A sunny trek among the guanacos
Patagonia Tour, End of the World
We drive to a beautiful green/blue lake with flamingos, and I see one fly, something you don't see in the zoo. Then we go to a very salty lake (I tasted it) that supports a primitive life form that looks like brains washed up on shore. Actually, the whole lake looked like a big green margarita and the crashing white caps like salt around it.
At another wild waterfall, it starts to rain quite a lot. Javier says he had planned to do a trek there but suggests we go elsewhere in hopes of rain stopping. We do, and sure enough, the sun comes out. So we agree on a 3-hour trek to see cave paintings instead of visiting a “beautiful farm.” Caitlin is not happy about the idea of a 3-hour walk, but the rest of us do not want to drive around anymore. Caitlin likes to be on a horse instead of her feet.
We put our lunches in backpacks, and Javier leads us off among golden hills. It is an easy walk across the steppes, dotted with grazing guanacos. We have lunch amid giant sedimentary boulders. Purple thistles and margaritas grow all around, attracting butterflies and bees. The sun is warm, all is lovely.
The rock paintings, another thing I find highly overrated, are uphill, but the views are beautiful; guanacos, munching everywhere, paying us no heed. In some spots the red grasses against the pale green are breathtaking.

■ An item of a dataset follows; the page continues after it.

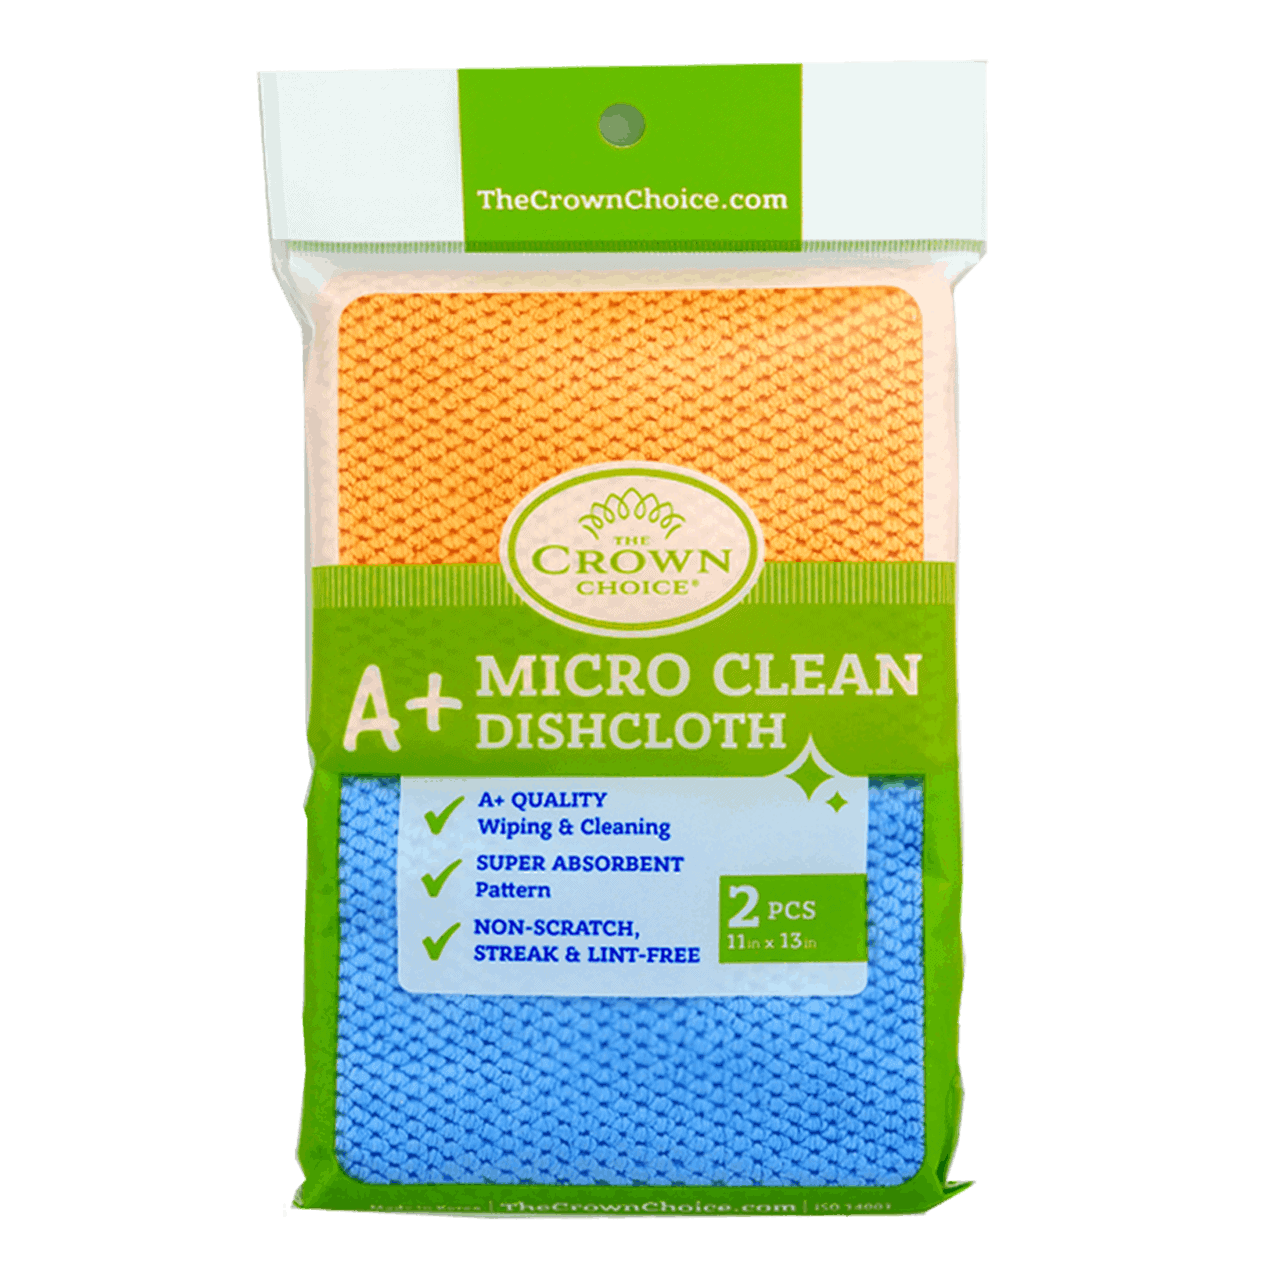 Pot Scrubber A+ Micro Fiber Dish Cloth

We have to cross a ridge and go down the other side, quite steep and gravelly for a bit. Javier gives me one of this trekking sticks but Caitlin says she doesn’t want one until her feet are slipping on the gravel and Chris and Javier have to rescue her. After that she grows more cheerful. The plains are rather like an elephant graveyard, she says, because guanaco skeletons dot the fields, picked clean by both the pumas that brought them down and the birds. Bones are bleached white, and skulls excellently preserved, right down to the teeth, rib cages sticking up. Javier says 40 to 50 percent of the offspring are lost to pumas.
Back in the van, my pedometer reads more than 13,000 steps! Javier says it was a trek of 8 or 9 kilometers.
Back at Eco Camp, it’s 530 and dinner isn’t until 730. Caitlin goes to sleep and Chris closes his eyes, but I go for a walk. The clouds appear to be lifting over the towers – the rest of the area is sunny – so I cruise around the new part of the camp, the domes with private bathrooms, wood stoves and little wooden decks. Celine, who had one, said you are still cold in the morning because you would have to stoke the fire in the middle of the night. But the bathroom being right there is huge, she agrees!
Chris is up by now, so he gets a beer and we bring our 2 chairs outside the dome to see whether the clouds will lift off the towers. Ronaldo and Tertius are up too, watching for them. But there is actually so much in the park that seeing the famous towers no longer seems like such a big deal.
At dinner, Celine says she only made it through 3 hours of the trek because of her bronchitis, and she went back down with a passing returning group. They had said they couldn’t see anything at the top anyway.
Dinner is a lamb bbq, with roasted peppers for Caitlin – not that she needed it with the huge salad/side dish buffet.
All the couples and Caitlin take their pictures together, and we all say how wonderful (and lucky) it is that we all got along and found each other interesting. We invite each other to visit and exchange email addresses.
Javier, our mother hen, promises he will wake us up at 530 for 6 am breakfast (we have no alarm). Chris said the showers had been so-so, ok for him because he likes lukewarm water. But others said it was touch and go with the hot water, which depends on solar panels.